(Dataset excerpts)
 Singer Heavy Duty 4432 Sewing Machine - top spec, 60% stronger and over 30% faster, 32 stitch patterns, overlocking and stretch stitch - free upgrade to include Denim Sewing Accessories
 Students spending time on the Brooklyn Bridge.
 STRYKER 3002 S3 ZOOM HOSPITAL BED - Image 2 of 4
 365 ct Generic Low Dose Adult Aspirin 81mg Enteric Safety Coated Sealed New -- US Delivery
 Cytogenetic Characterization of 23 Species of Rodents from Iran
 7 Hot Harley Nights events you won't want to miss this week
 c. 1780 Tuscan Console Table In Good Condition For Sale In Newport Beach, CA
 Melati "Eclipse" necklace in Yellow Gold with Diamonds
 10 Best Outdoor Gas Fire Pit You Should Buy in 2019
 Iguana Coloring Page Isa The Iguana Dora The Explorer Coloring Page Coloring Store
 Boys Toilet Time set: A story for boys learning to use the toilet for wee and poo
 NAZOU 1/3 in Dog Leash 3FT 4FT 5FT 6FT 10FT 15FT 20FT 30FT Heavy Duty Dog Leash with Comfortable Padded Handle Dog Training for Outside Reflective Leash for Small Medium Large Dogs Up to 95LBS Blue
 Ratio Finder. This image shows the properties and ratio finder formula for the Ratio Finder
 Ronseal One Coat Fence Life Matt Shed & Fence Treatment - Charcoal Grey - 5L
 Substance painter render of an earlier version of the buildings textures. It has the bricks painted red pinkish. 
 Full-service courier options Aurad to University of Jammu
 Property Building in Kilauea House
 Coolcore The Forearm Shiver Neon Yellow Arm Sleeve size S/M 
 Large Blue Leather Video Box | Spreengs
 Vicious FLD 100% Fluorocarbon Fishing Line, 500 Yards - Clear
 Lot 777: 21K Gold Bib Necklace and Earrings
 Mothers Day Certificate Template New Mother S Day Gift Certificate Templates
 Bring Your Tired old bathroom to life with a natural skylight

▸ Task item
Where the data above reaches the line holding "Ratio Finder. This", begin printing, and stop after the line holding "Lot 777: 21K Gold Bib Necklace and Earrings". Each line must be reproduced exactly, with nothing else added.

▸ Task output
 Ratio Finder. This image shows the properties and ratio finder formula for the Ratio Finder
 Ronseal One Coat Fence Life Matt Shed & Fence Treatment - Charcoal Grey - 5L
 Substance painter render of an earlier version of the buildings textures. It has the bricks painted red pinkish. 
 Full-service courier options Aurad to University of Jammu
 Property Building in Kilauea House
 Coolcore The Forearm Shiver Neon Yellow Arm Sleeve size S/M 
 Large Blue Leather Video Box | Spreengs
 Vicious FLD 100% Fluorocarbon Fishing Line, 500 Yards - Clear
 Lot 777: 21K Gold Bib Necklace and Earrings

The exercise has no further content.